__What is being asked__.
After finding the line with "The city of" in the entries below, retype exactly each line from there through the line with "Inviting coloring book", including that final line.

BEGIN Provided data

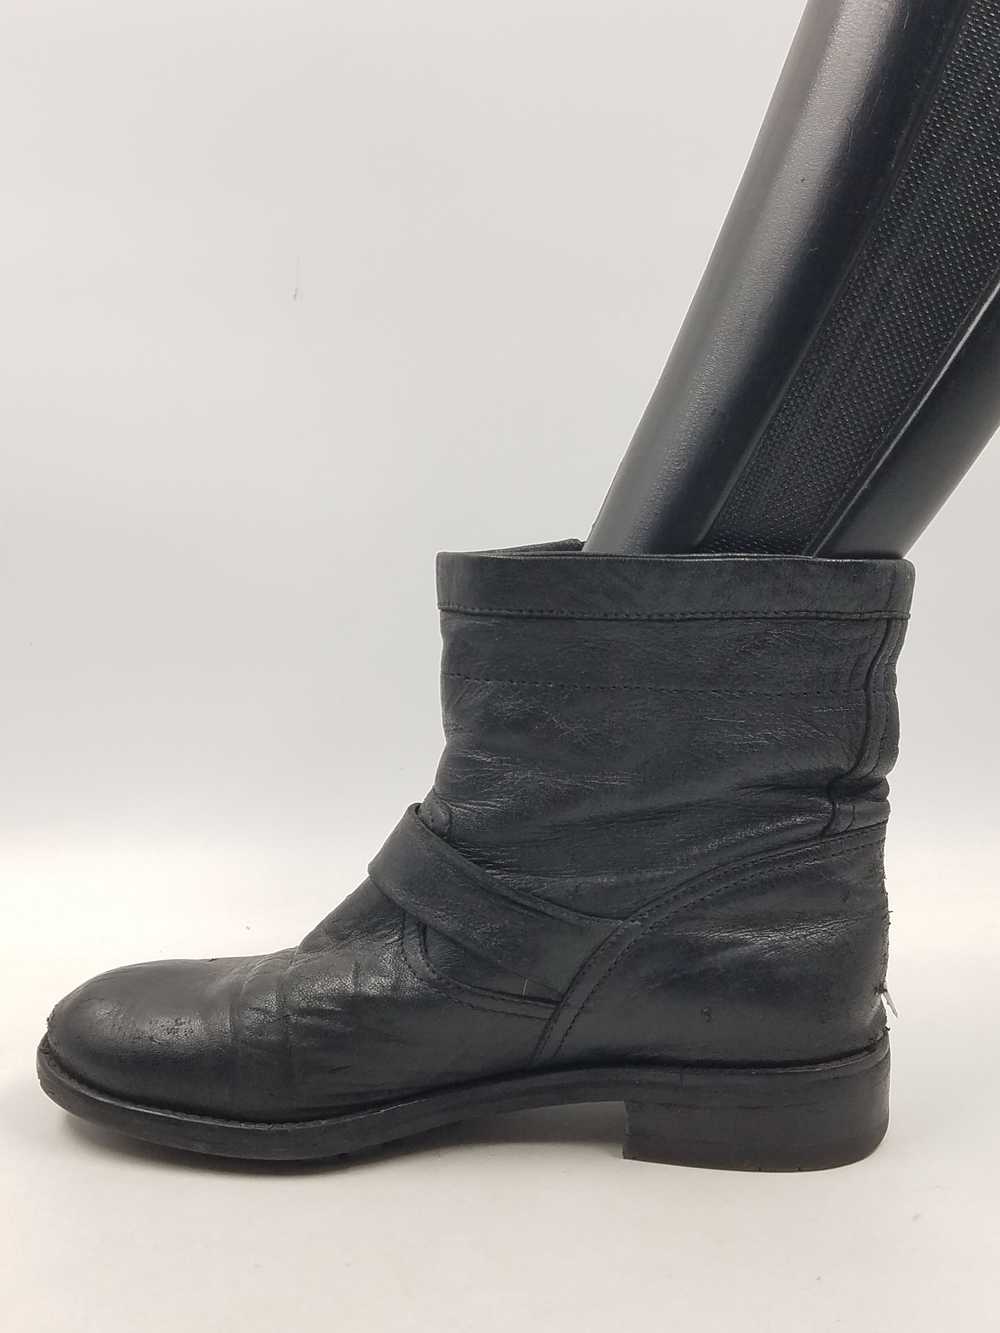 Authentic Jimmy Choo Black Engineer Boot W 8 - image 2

END Provided data
BEGIN Provided data

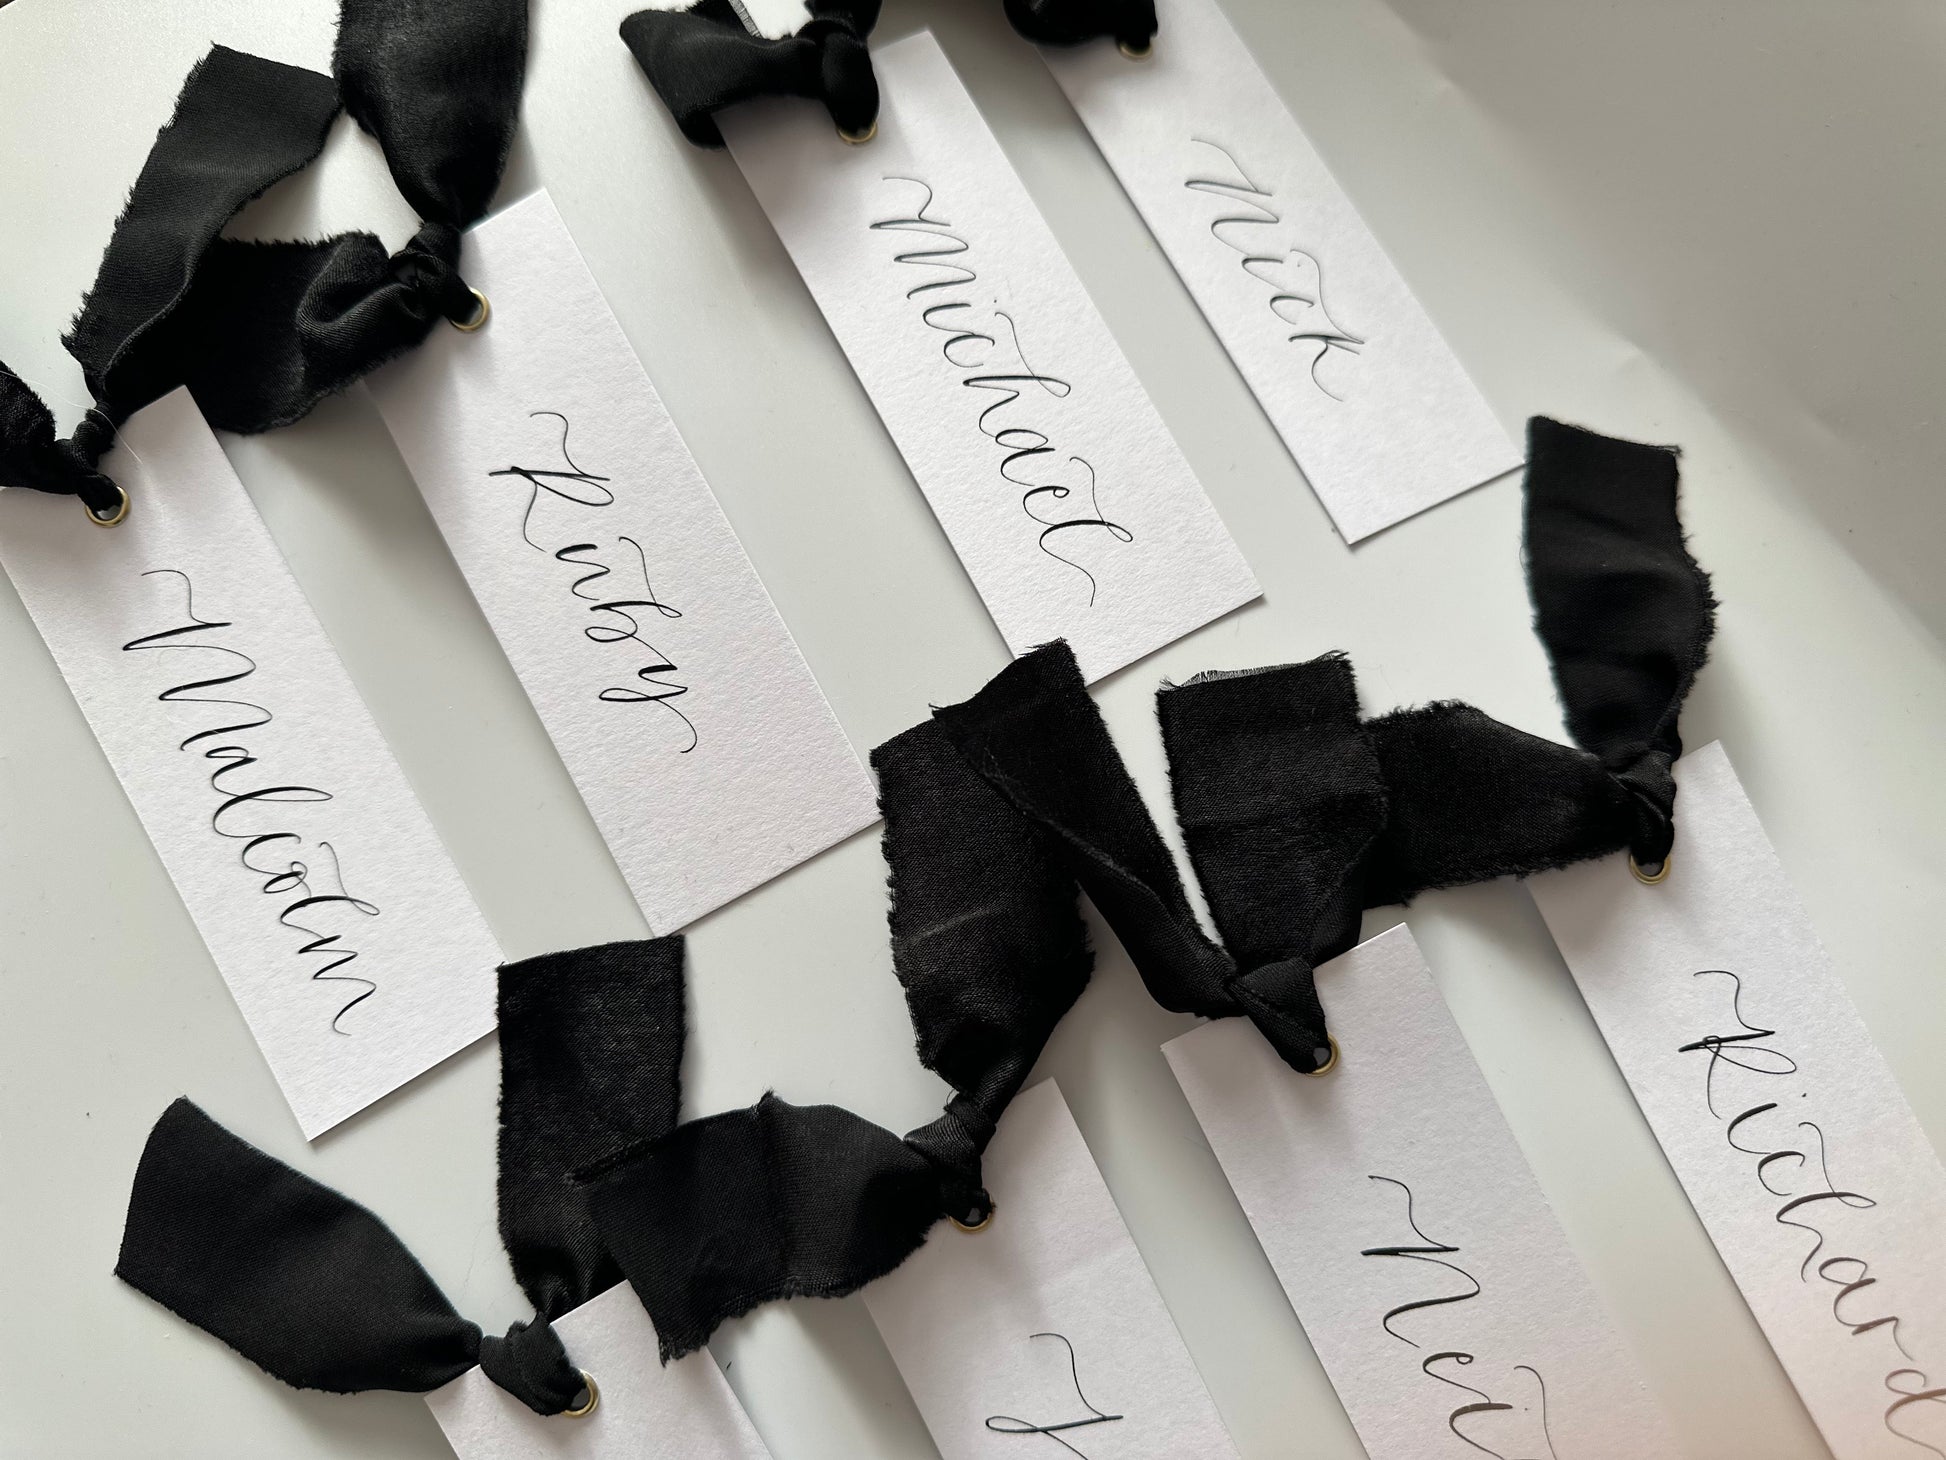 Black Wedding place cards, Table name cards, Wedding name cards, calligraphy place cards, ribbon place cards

END Provided data
BEGIN Provided data

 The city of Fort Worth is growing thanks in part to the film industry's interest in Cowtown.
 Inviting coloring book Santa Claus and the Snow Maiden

END Provided data

__Answer to the exercise__.
 The city of Fort Worth is growing thanks in part to the film industry's interest in Cowtown.
 Inviting coloring book Santa Claus and the Snow Maiden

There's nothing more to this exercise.